The dollar fell as doubts grew yesterday that the G7 would move to support it, while Asian stocks stalled as investors focused on weakness in US tech earnings over strong results in financial stocks.
Persistent concerns about the US current account deficit also helped soften the dollar, traders said. The euro bought US$1.2688 by 7am, up from a one-month low of US$1.2350 hit late last week.
The dollar weakened against the yen to around ¥106.78, just off last week's three-year lows around ¥105.70.
Tokyo stocks gave up early gains after electronics components makers, such as Alps Electric Co Ltd, fell following disappointing earnings by their US peers.
"Banks and corporations are taking profits on their shareholdings ahead of bookclosings [at the end of March], and that selling is cancelling out buying by foreign investors, who are still pretty bullish on Japanese shares," said Norihiro Fujito, a senior investment strategist at Mitsubishi Securities.
The tech-sensitive Nikkei average ended down 0.02 percent at 11,000.70, after a 0.91 percent decline in the previous session and well below its morning high of 11,115.13.
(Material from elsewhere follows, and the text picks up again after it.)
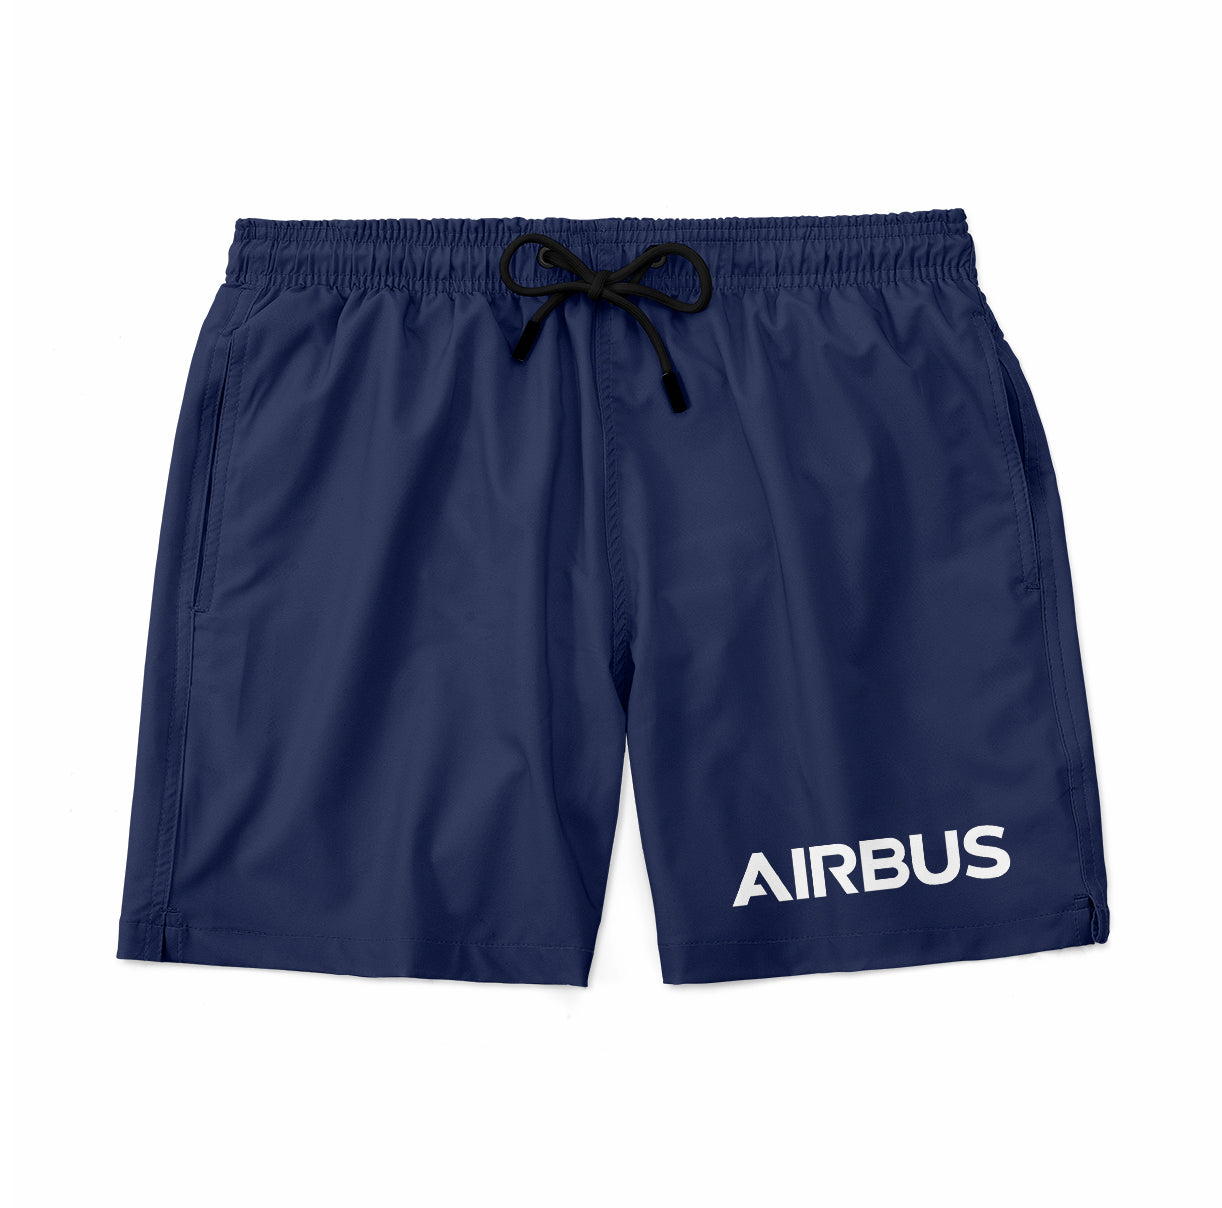 Airbus & Text Designed Swim Trunks & Shorts

Alps Electric sank 4.97 percent after the US hard-disk drive industry leader Seagate Technology warned that current-quarter earnings would fall below analyst expectations.
A rebound in National Australia Bank and gains in other major banks helped drive Australia's benchmark stock index to its highest close in 19 months. The benchmark S&P/ASX 200 index rose 0.6 percent to 3,326.6.
Most other markets in Asia were closed for the Lunar New Year.
In Europe, early estimates indicated rises of 14 to 16 points on London's FTSE, 10 to 26 points on Germany's Dax and between two and 24 points on France's Cac-40.
Traders were keenly awaiting results from the world's top mobile phone maker Nokia, due at 11am, which were expected to show solid Christmas sales, but also increased competition from Asian competitors such as Samsung Electronics and LG Electronics.
Foreign exchange dealers expected more choppy trade as the market seeks hints about whether, if at all, policymakers from the G7 industrial countries nations will express a concerted view on the dollar's weakness at their meeting in Florida on Feb. 6 and 7.
"European officials started screaming about the euro's strength, but looking at what happened after the G7 in Dubai, I don't think they want to mention anything explicitly this time," said Toru Umemoto, a Morgan Stanley currency strategist in Tokyo.
At the Dubai meeting, G7 ministers called for more flexible exchange rates, a call the market perceived was aimed at Asia but which, in the weeks that followed, drove the dollar down against the euro.
Meanwhile, data showed foreign investors bought a record amount of Japanese bonds last week and analysts said they would keep on buying as long as the yen looked likely to climb higher.
Foreign investors bought a net ¥767 billion (US$7.18 billion) of Japanese bonds in the holiday-shortened week of Jan. 12 to 16 after net purchases of ¥61.2 billion the previous week, Ministry of Finance data showed yesterday.
Japanese government bond (JGB) prices rose yesterday following a good result at a ¥500 billion (US$4.7 billion) 20-year JGB auction.
The price of key 10-year JGB futures for March delivery rose 0.22 point to ¥138.79, while the benchmark 10-year JGB yield fell two basis points on the day to 1.315 percent.
In Asia, NYMEX crude oil futures rebounded ahead of the release of weekly US oil inventory data, clawing back most of the previous day's one percent drop.
Crude prices are near 10-month highs amid a sustained US cold spell and with US commercial crude oil inventories at their lowest level since 1975.